Observe that (1) implies that a power law distribution will look roughly as a straight line if graphed
on a log-log scale with the line’s slope being equal to its exponent α.
A remarkable feature of a power law distribution is that all its moments above 1 are infinite,
which implies that fluctuations around the mean can be arbitrarily high. This means that when
we randomly choose a node in a scale-free network, we do not know what to expect: The selected
node’s degree could be tiny or arbitrarily large. In particular, this property predicts the emergence
of hubs, i.e., nodes whose degrees can become disproportionally large (think e.g., of the number of
people following a celebrity account on Twitter).
Pick a consecutive 12 months period contained within the range from January 2000 to March
2002 (inclusively). Use the functions you implemented for Tasks 1 and 3 of the final project
to extract a slice of the weighted network contained within the period you chose. Analyse its
properties by answering the questions below. Note that if you worked on the final project jointly
with another student, you and your partner must choose different slices to analyse.
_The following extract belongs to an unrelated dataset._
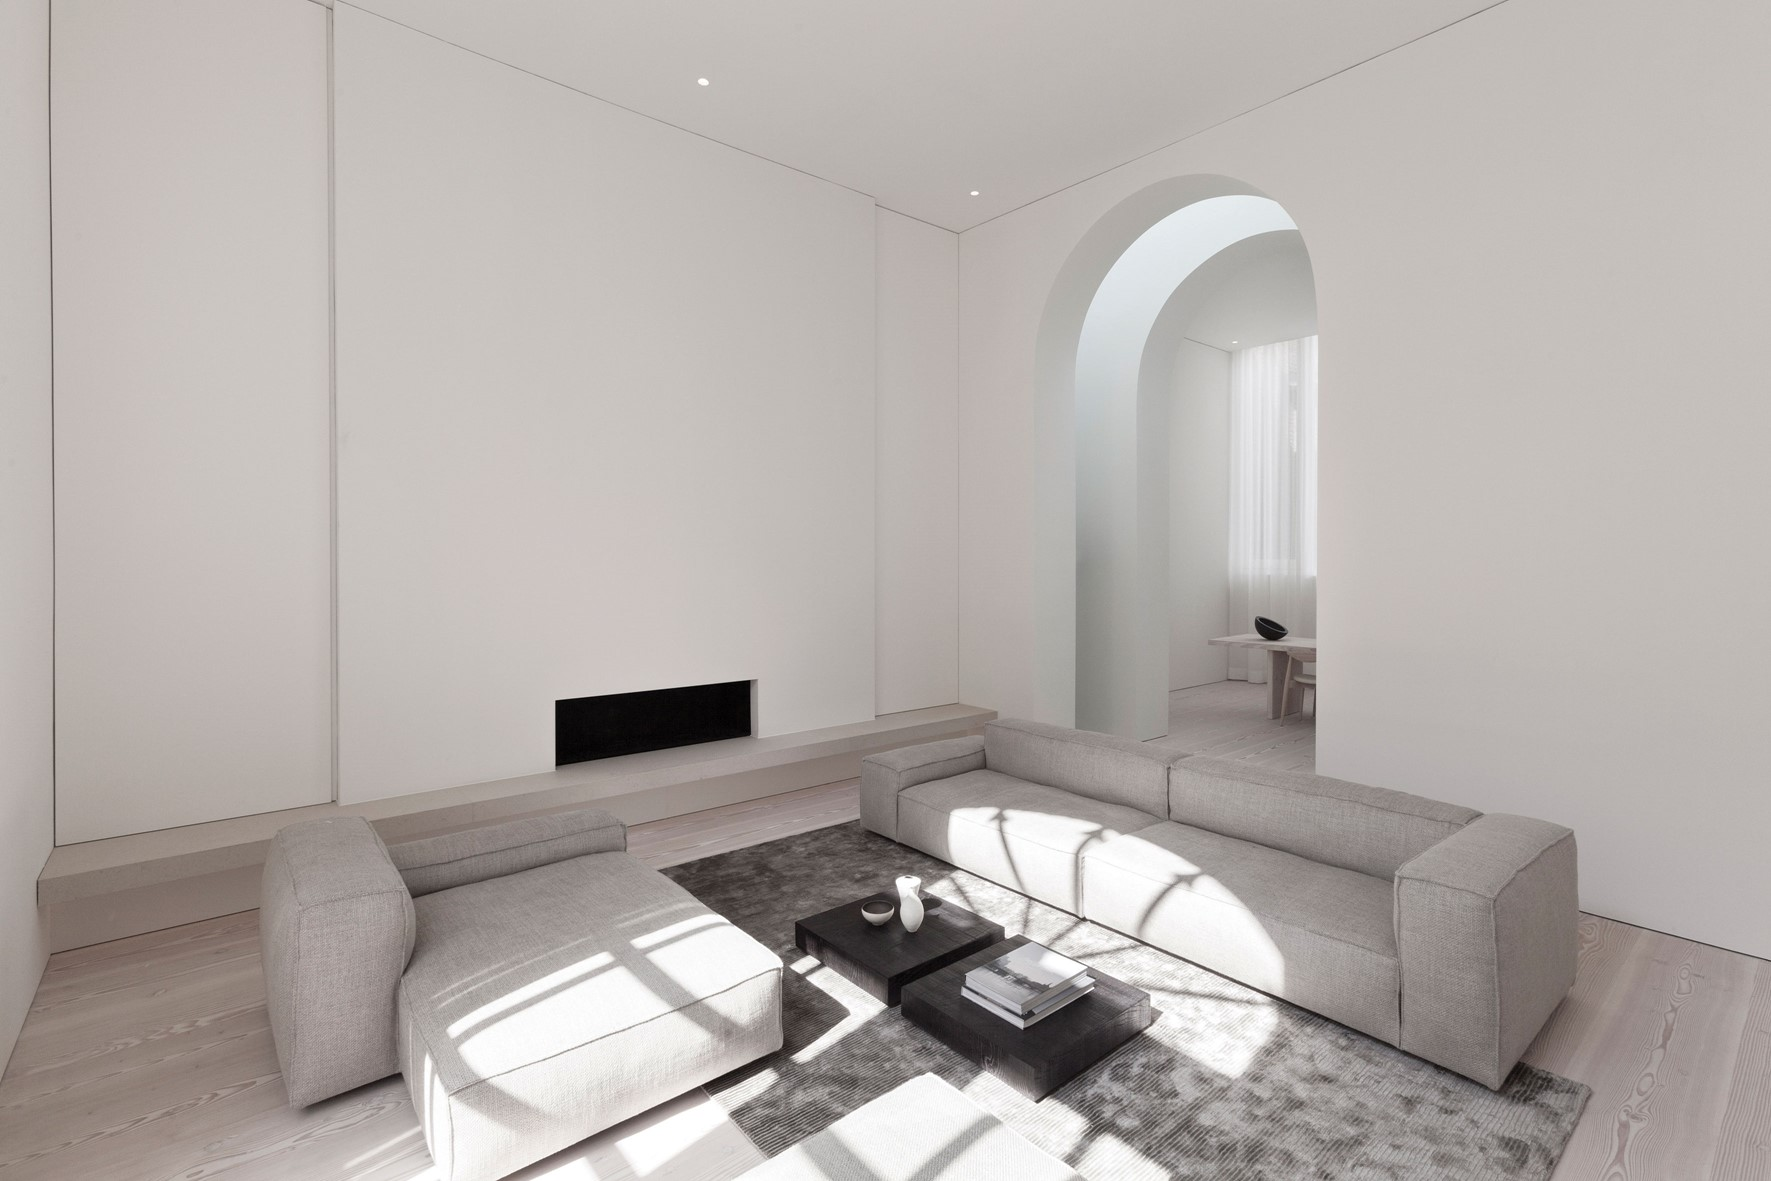 douglas-plank-floor_lye-and-natural-oil_coach-house-amsterdam_living-room-interior_dinesen.jpg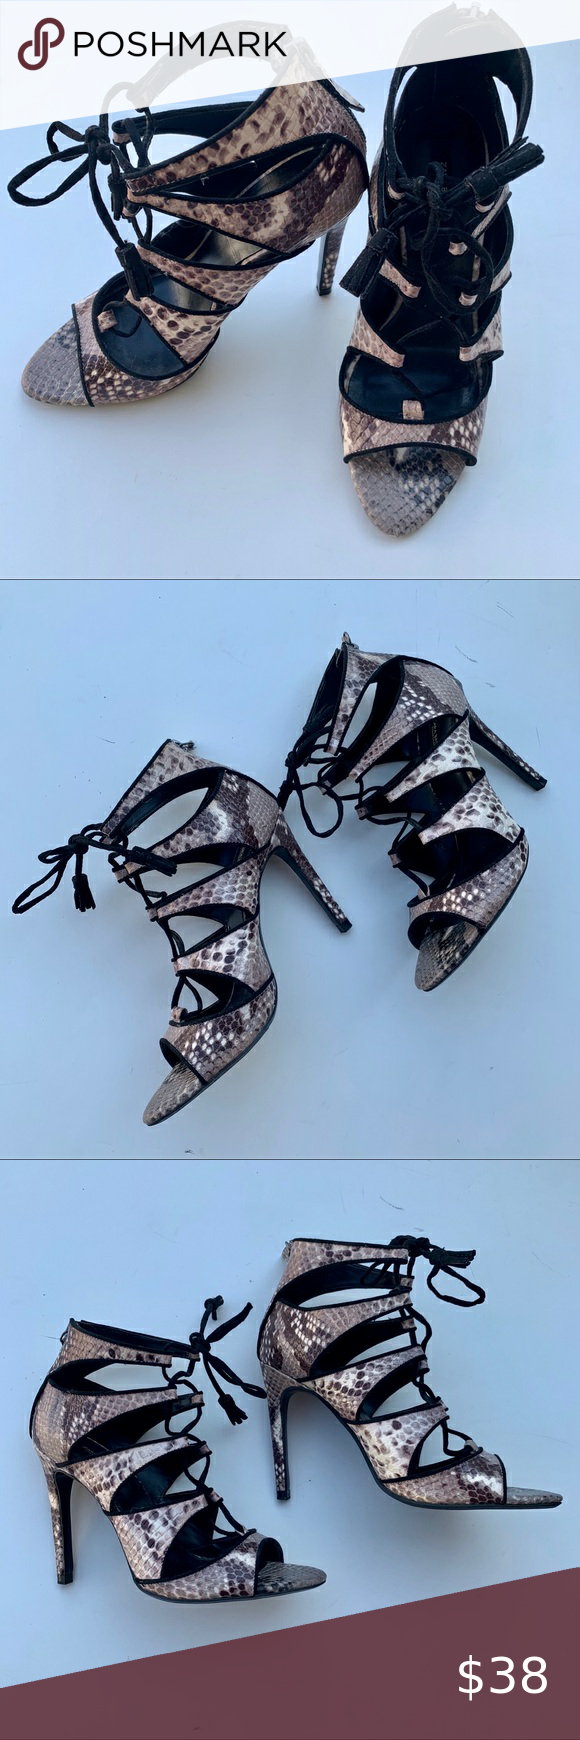 Zara Python Skin Lace Up Sandal Heels In 2020 Lace Up Sandals Sandals Heels Lace Up Sandal Heels

- The number of connections originating at or attracted by nodes in a scale-free network follows
an 80/20 rule, that is, roughly 20% of the nodes are either origins or destinations of 80% of
all edges in the network. (These 20% of nodes are, in fact, the hubs.)1 Use the code you
developed for Task 4 of the final project to compute the total weighted degree of all edges
originating at (respectively attracted by) the 20% highest out-degree (respectively, in-degree)
nodes in the network slice you selected. Briefly describe the methodology you used and your
findings. Does the 80/20 rule indeed apply to your chosen network slice? You may use
visualisations to support your conclusions. (15%)
- Another interesting property of the scale-free networks (colloquially known as “the rich get
richer”) is that the maximum node degree kmax is directly proportional to the number of
nodes in the network. Use the functions you implemented for Tasks 3 and 4 of the final
project to compute kmax (for both in and out degrees) and the number of nodes for the
sub-slices containing the Emails sent within the first n months, where 1 ≤ n ≤ 12, of your
chosen network slice. Briefly describe the methodology you used and your findings. Does
kmax for either in or out degrees (or both) indeed grow linearly with the number of nodes in
your chosen network slice? You may use visualisations to support your conclusions. (15%)
1This rule was originally formulated by a 19th century economist Vilfredo Pareto in the context of wealth
distribution in a capitalist free-market society: Roughly 80% of money is earned by only 20% of the population.